Why A/B Testing Fails in Two-Sided Marketplaces (and How to Fix It with Switchback Testing)

Author(s): Swaroop

Originally published on Towards AI.

Why A/B Testing Fails in Two-Sided Marketplaces (and How to Fix It with Switchback Testing)

By Swaroop Hadke

1. Introduction: The Hidden Trap of Network Effects

Standard A/B testing is dangerous in two-sided marketplaces. If you treat a ride-hailing app or a delivery network like a standard e-commerce store, you aren’t just getting noisy data — you are often actively cannibalizing your own network.

In a typical A/B test (say, testing a “Buy Now” button color), we rely on the SUTVA (Stable Unit Treatment Value Assumption). This is the statistical guarantee that User A’s behavior doesn’t impact User B.

In a marketplace, SUTVA effectively doesn’t exist.

Here is the scenario that breaks standard testing: You want to test a new dynamic pricing algorithm designed to lower prices and boost conversion.

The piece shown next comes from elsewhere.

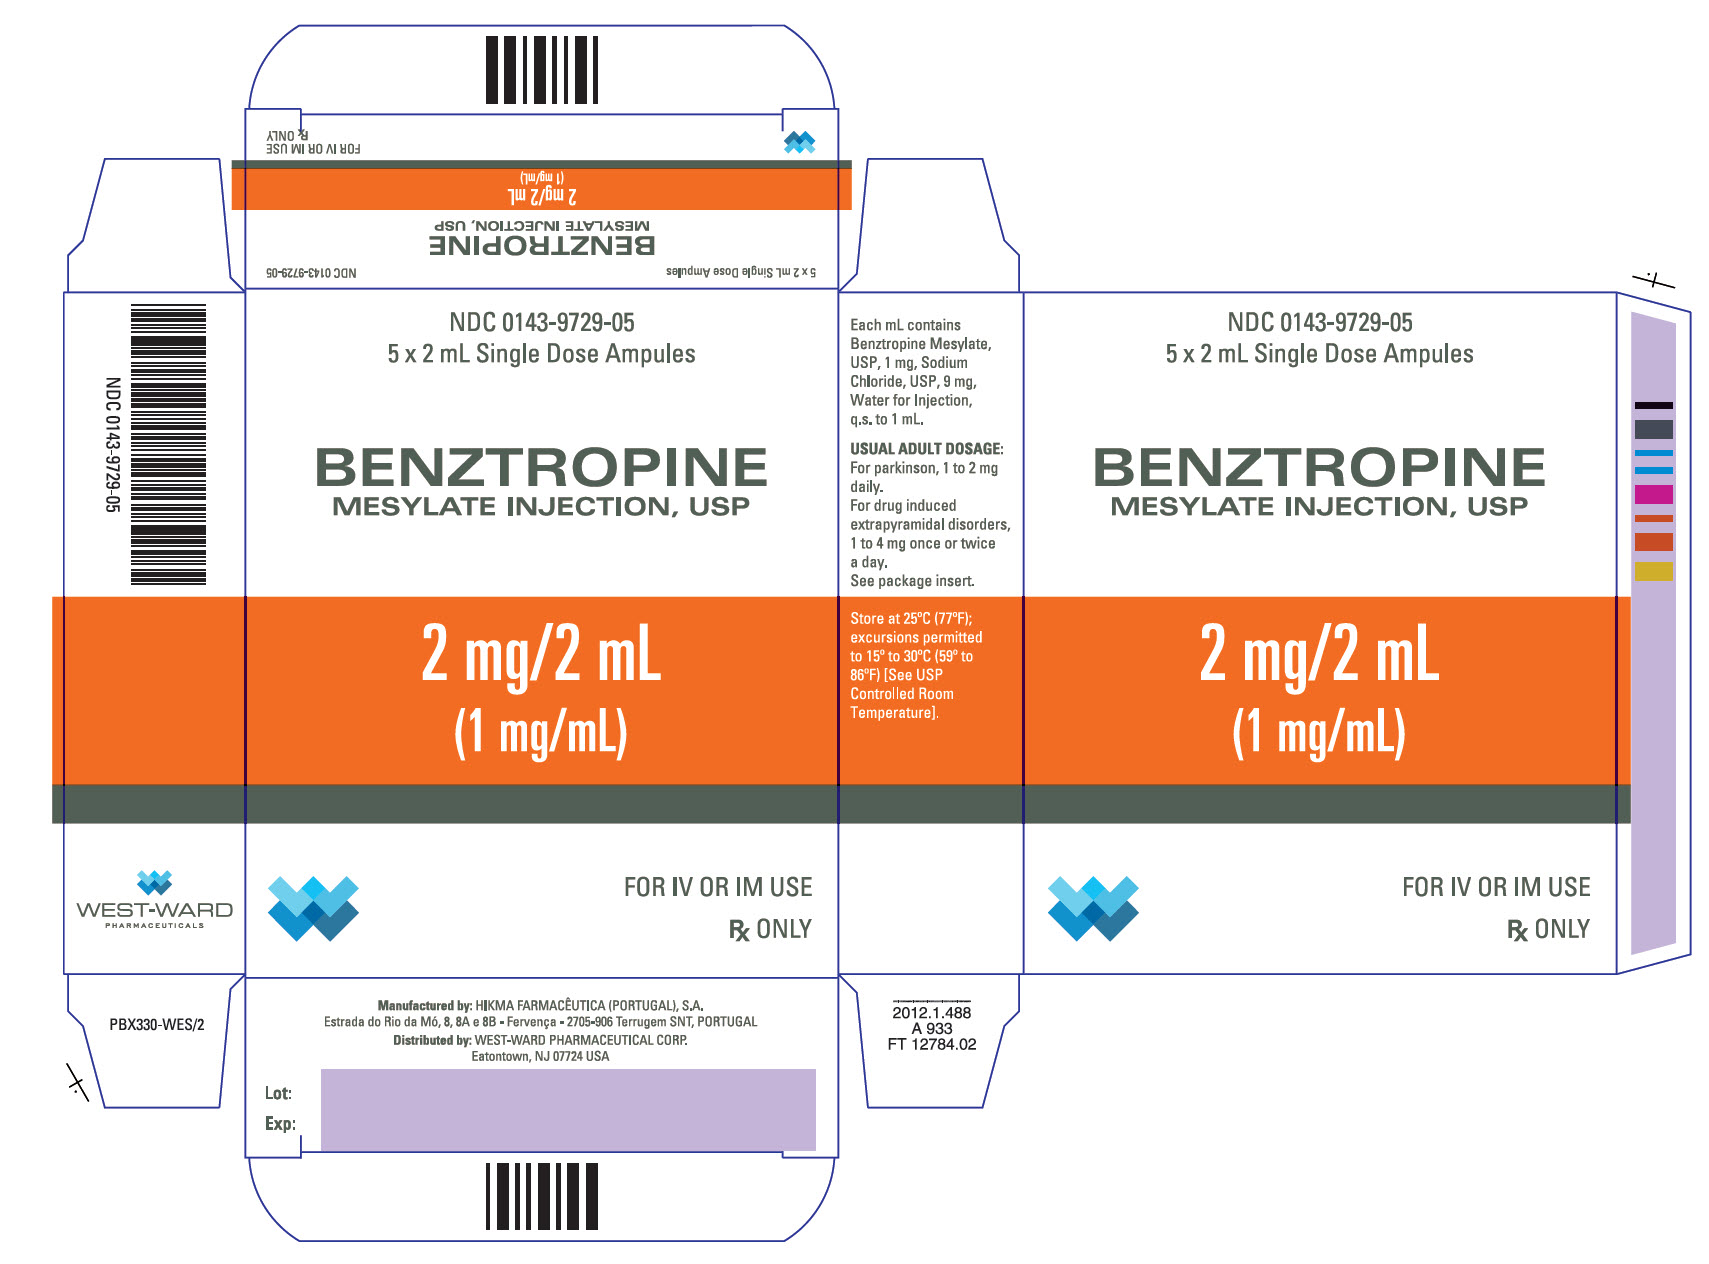 NDC: <a href=/NDC/0143-9729-05>0143-9729-05</a> BENZTROPINE MESYLATE INJECTION, USP 2 mg/2 mL (1 mg/mL) FOR IV OR IM USE Rx ONLY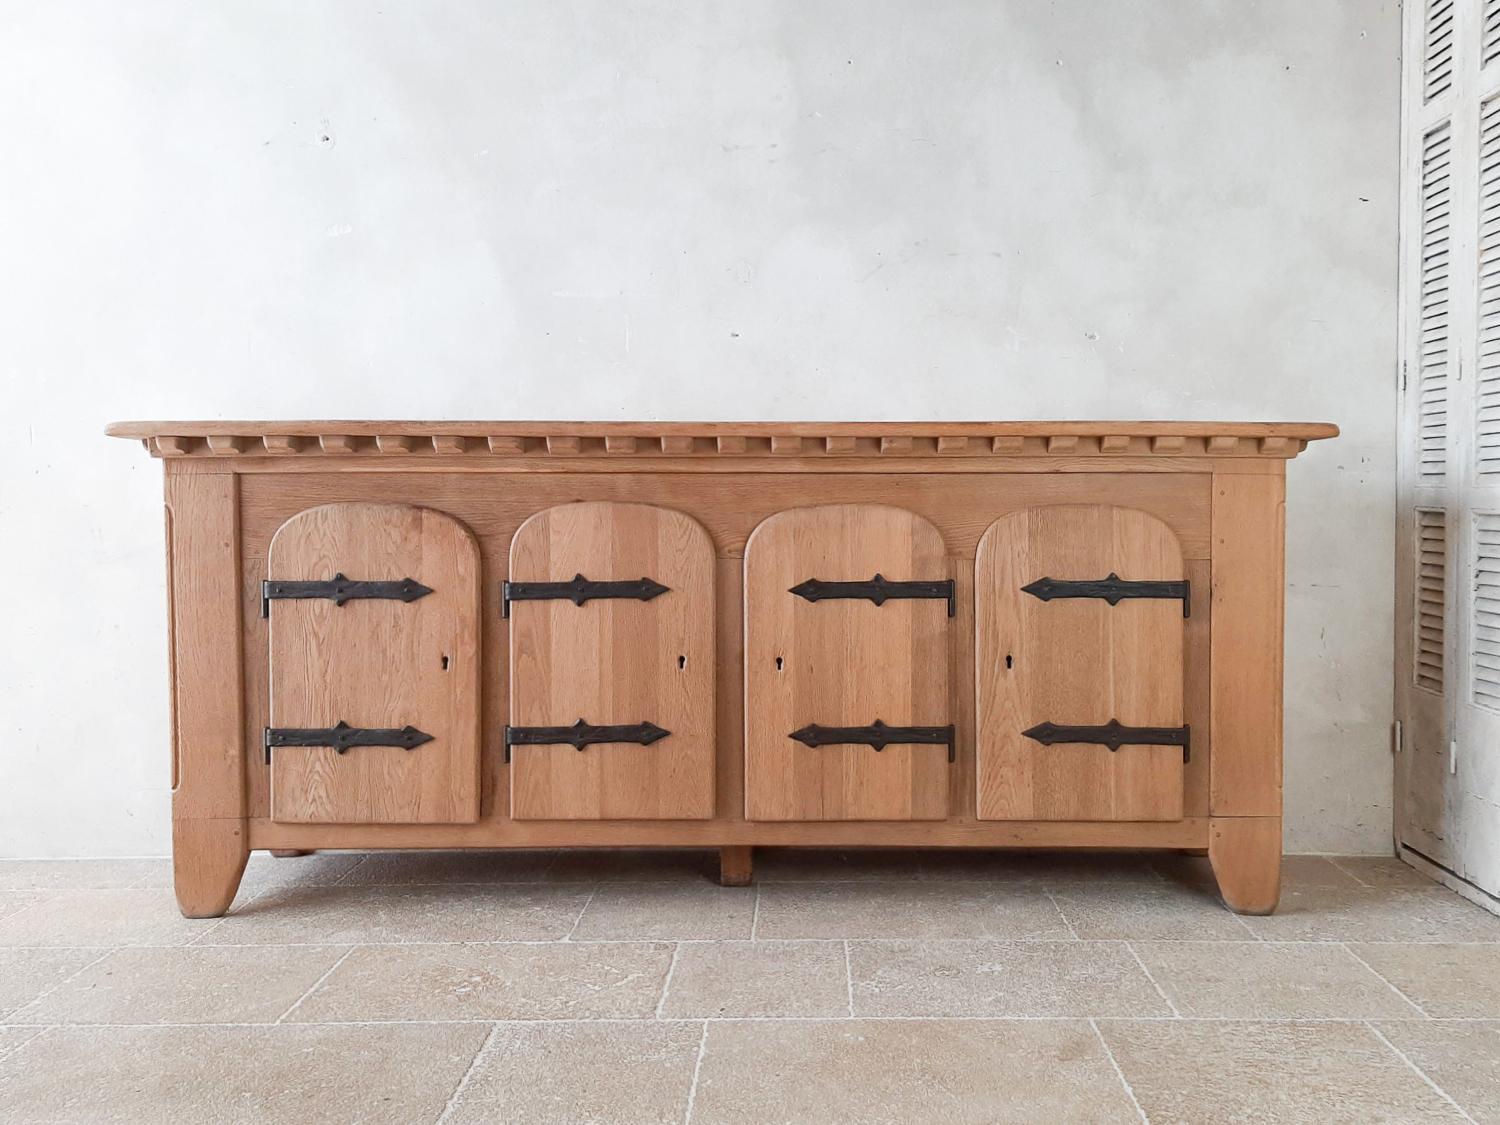 Mid 20th Century Spanish Oak credenza from the 1940s. Stunning solid oak sideboard with typical arched doors and large wrought iron hinges. With wood pattern underneath the top all the way around the front and sides. The three left doors have a

Group A (Treatment) sees lower prices. They naturally flood the system with orders.
Group B (Control) sees normal prices.

Because your supply (drivers/couriers) is finite, Group A consumes all the available drivers. When Group B users try to book, they face longer wait times or “No Drivers Available” errors. Group B’s performance degrades artificially because of Group A’s activity.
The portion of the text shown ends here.